Well my wife finally said it. She doesn't see anyway for us to fix our relationship. She put her ring away and said I should think about taking mine off to. We've been bouncing back and forth for months, actually years but so much worse lately. It seems she goes from affectionate to indifferent to angry/hateful every few days.

We've been together for 11 years almost, married for just over 10. We made it through 2 miscarriage losses. A teenage boy who was angry himself with bipolar mood swings. Her bipolar issues. My inner trans issues. The teenager is now grown up and doing well. We have 2 beautiful young daughters. We had periods of anger at one another. Loneliness while existing in the same house. But we had made it, almost.
She wants to go to school and finish a degree. I support her. She has an apartment now about an hour drive from our house. She wants the kids to be there for the next school year.

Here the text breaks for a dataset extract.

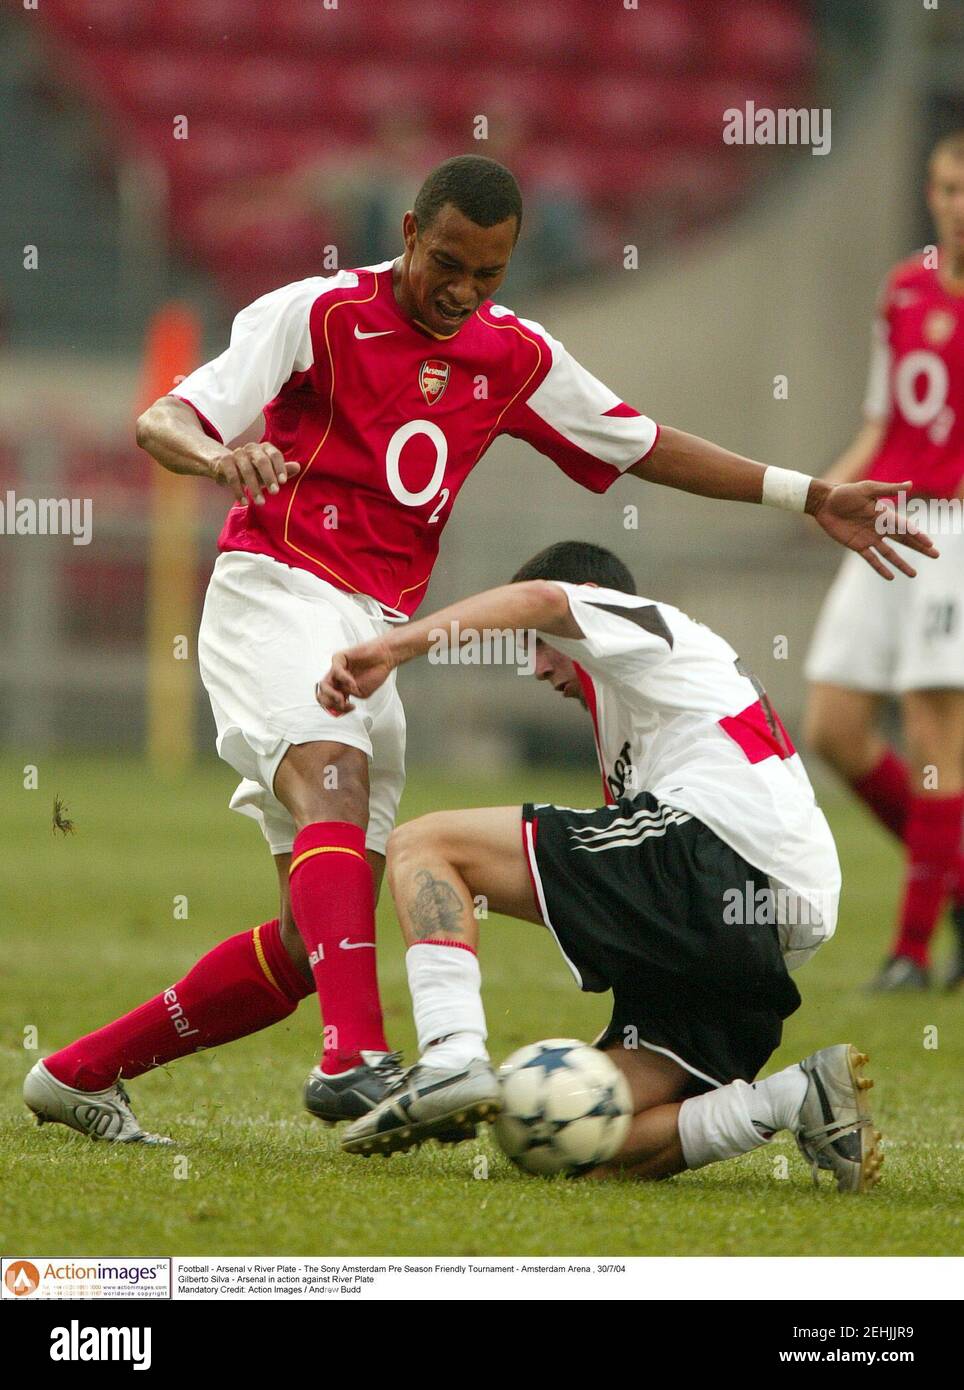 Football - Arsenal v River Plate - The Sony Amsterdam Pre Season Friendly Tournament - Amsterdam Arena , 30/7/04  Gilberto Silva - Arsenal in action against River Plate  Mandatory Credit: Action Images / Andrew Budd Stock Photo

She was never exactly an affectionate person. She normally only hugs me because she knows I am affectionate but lately she would want to be near me some days. Then shrug me off. Then make me feel unwanted. The other night she told me how she had come to the conclusion we should no longer be a couple. Later that night she cuddled up next to me. The next morning she said that we shouldn't let that happen again. It's like getting my heart broken over and over and over again.

Tonight I'm at our house with our two babies sleeping in the bed next to me. In the coming weeks and months I'm going to be seeing less of my kids. This breaks my heart almost worse than when she said didn't see us being a couple. I have been there every moment of my kids lives from their births onward.
I am rambling now. I'll stop.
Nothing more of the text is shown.